Before I begin, let's make something clear. I absolutely value the effort developers put into Linux games, I do think cross-platform development is incredibly important so we don't end up with more lock-in. However, let's be realistic for a moment. Technology moves on and it's not financially worth it to keep updating old games, they just don't sell as well as newer games (with exceptions of course). The intention with such comparisons is not to favour any developer or any method of gaming on Linux. It’s just to show what’s possible, what the differences are, what doesn’t work and so on. As the years go on, there will be more ways to run older games better and better, of that I've no doubt.

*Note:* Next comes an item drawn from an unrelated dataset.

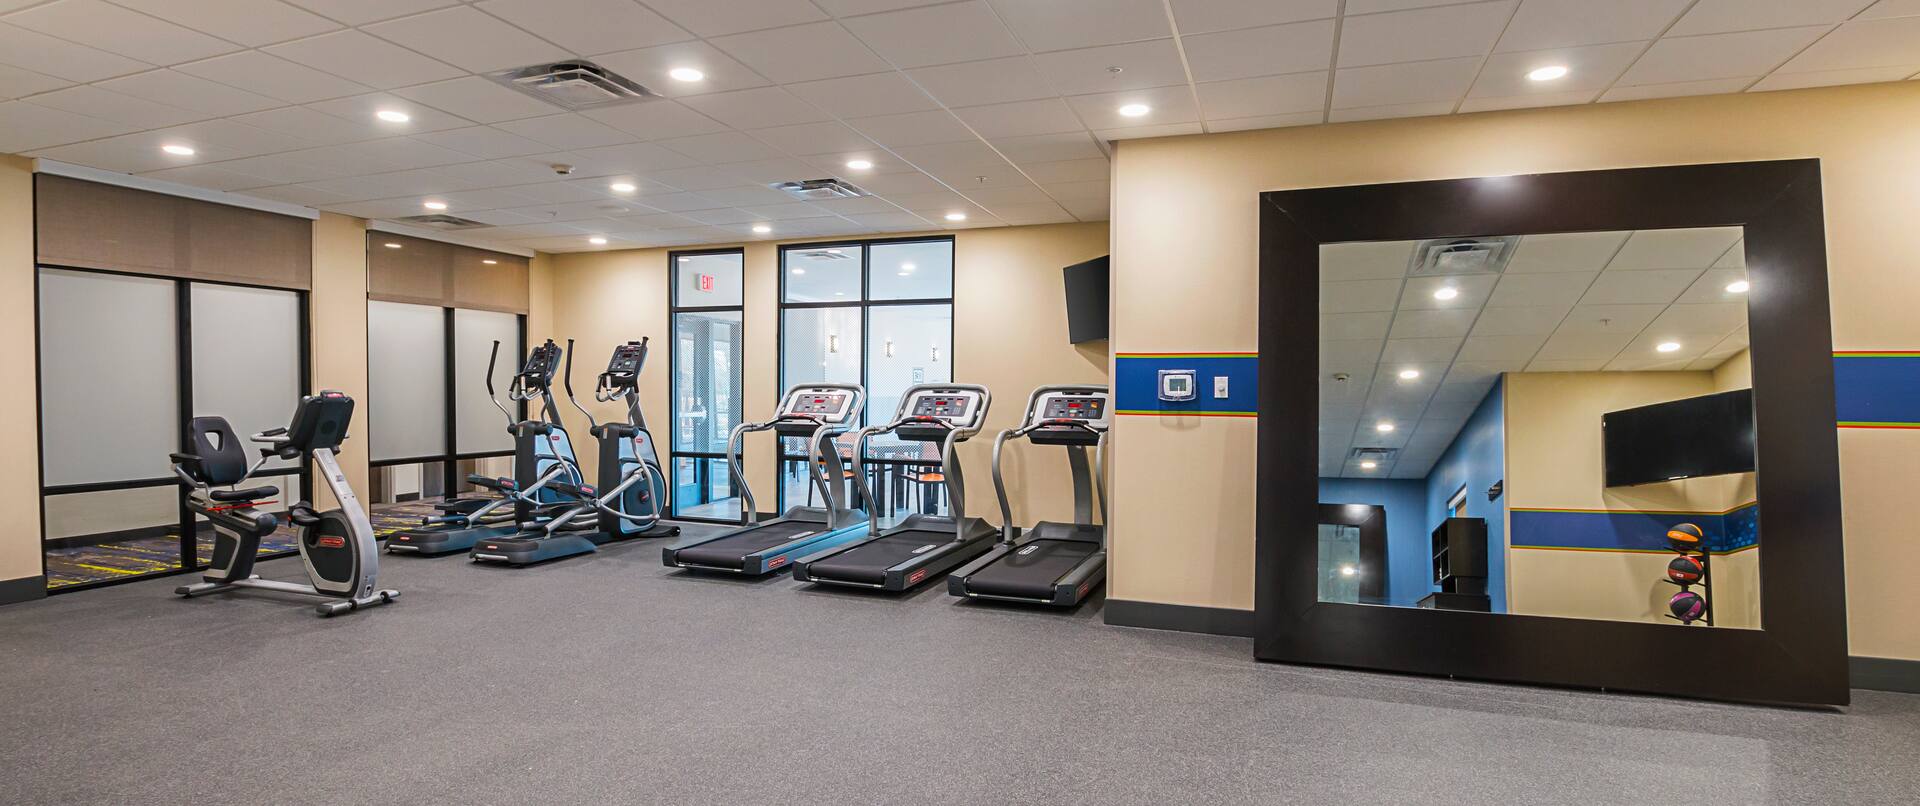 A well-lit hotel fitness center with
  treadmills, elliptical, and recumbent bike machines

I'm not a zealot for any one particular method of gaming either and as a fan of all things gaming, software and technology, I thought it might be interesting and hopefully you do too. The tests were attempted on some games that have a Linux version, while also being games that are quite heavy on your system.

Note: All tests done at 1080p on Ubuntu 18.10, with the NVIDIA 415.25 driver and my 980ti with Proton 3.16-6.

First up, let's take a look at Tomb Raider (2013) which arrived on Linux back in 2016. Since Tomb Raider has a handy built-in benchmark tool, we will start off simply by showing the results:

Benchmarks also only tell one part of the story. In the case of Tomb Raider, through Steam Play it needed to run through entirely at least once or there was quite a lot of stuttering which wasn't the case in the Linux version. However, the Linux version has parts of the game where performance dives a lot and the Steam Play version is better there. To Feral Interactive's credit (who ported it to Linux), their later ports are miles ahead of this.

Sidenote: For the videos, the titles "Steam Play" and "Linux" show their corresponding videos to the side, in case that wasn't clear.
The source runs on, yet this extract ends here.